Airbnb today officially became a public company, launching its IPO and targeting a valuation of roughly $47 billion, confirming what hoteliers have long suspected: The short-term rental giant considers hotels among its closest competitors.

In the COVID-era, short-term rentals have consistently outperformed hotels in the U.K. capital city. Factors including travel restrictions and social distancing measures have influenced performance trends in these sectors, and while both segments have suffered, short-term rentals have consistently outperformed their hotel counterparts.

Rental occupancy on top

As the year began, short-term rental occupancy in London was noticeably lower than hotel occupancy. However, that trend reversed as the pandemic progressed, and short-term rentals have led the market in occupancy for eight of 10 months this year.

Competitor comparison

In its IPO filing, Airbnb indicated that its main competitors include large chain and Independent hotels as well as boutique hotels.

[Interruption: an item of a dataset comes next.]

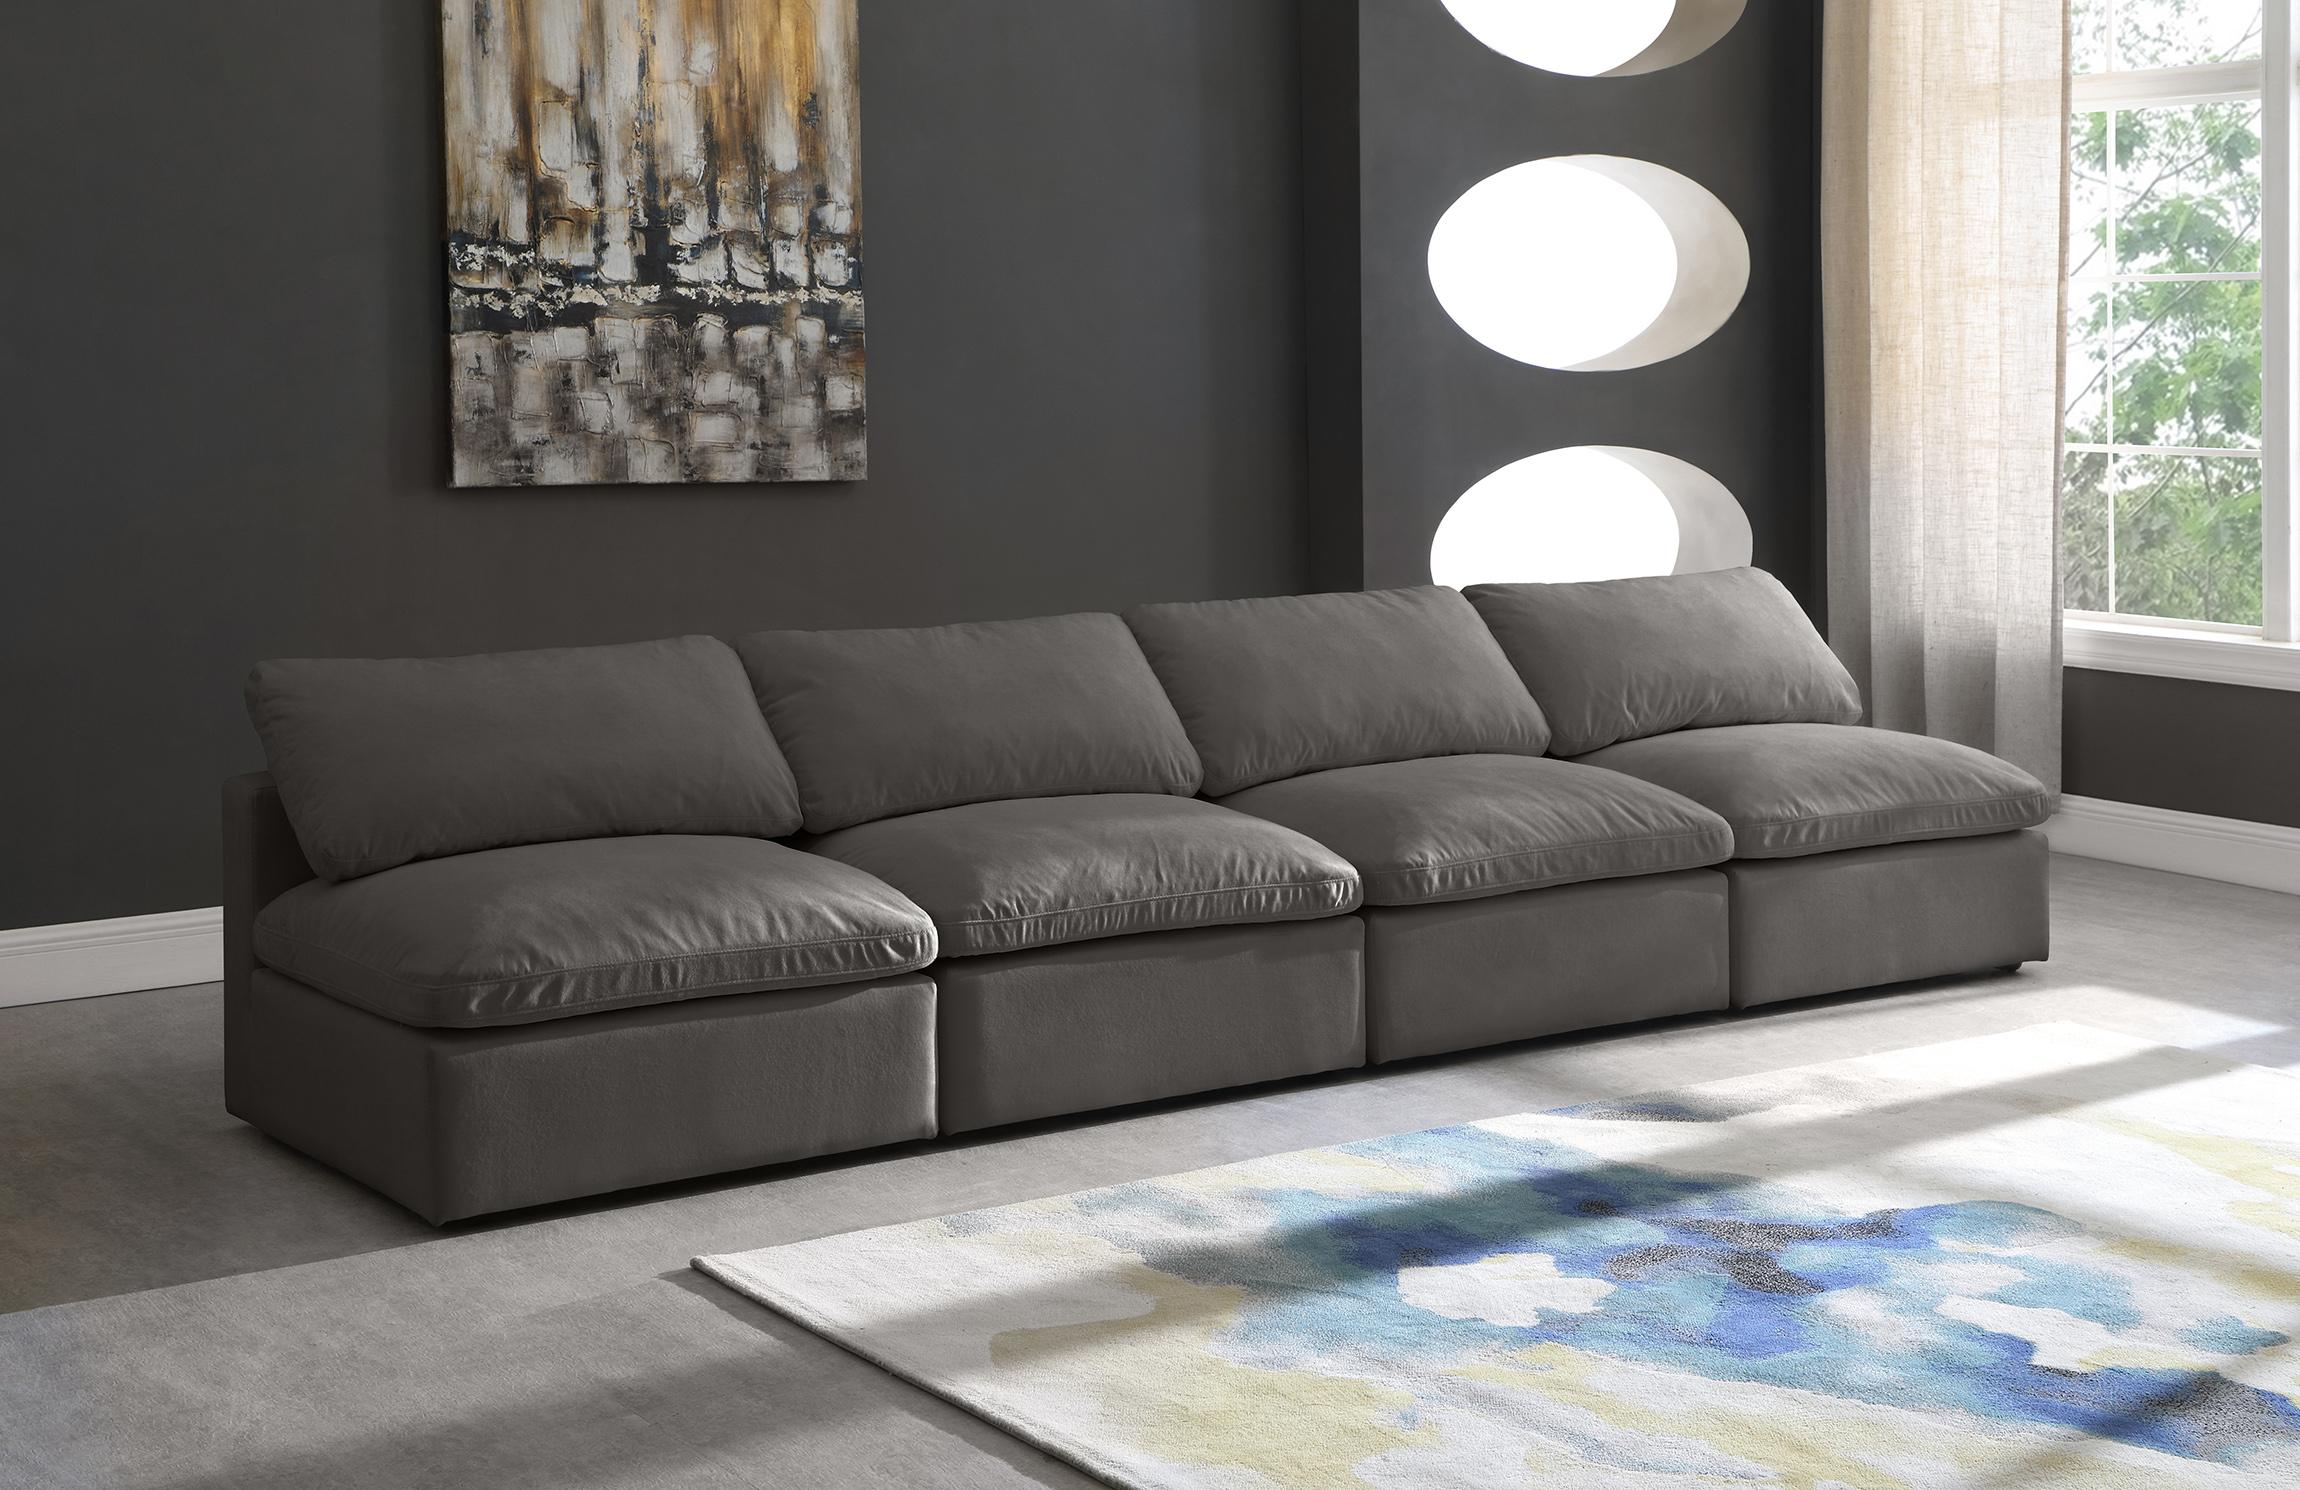 

    
GREY Velvet Sofa Armless 140 Cloud Modular Overstuffed Down Filled SOFLEX Modern

Data from these specific hotel segments offer insight into COVID-19 recovery in the London market. Beginning with occupancy, short-term rentals outperformed almost all other accommodation types by a wide margin, although serviced apartments came closest to rental occupancy. While these sectors are quite similar, serviced apartments are historically more reliant on business demand and are priced on average £20 ($26.79) per night more than the more economically priced rentals.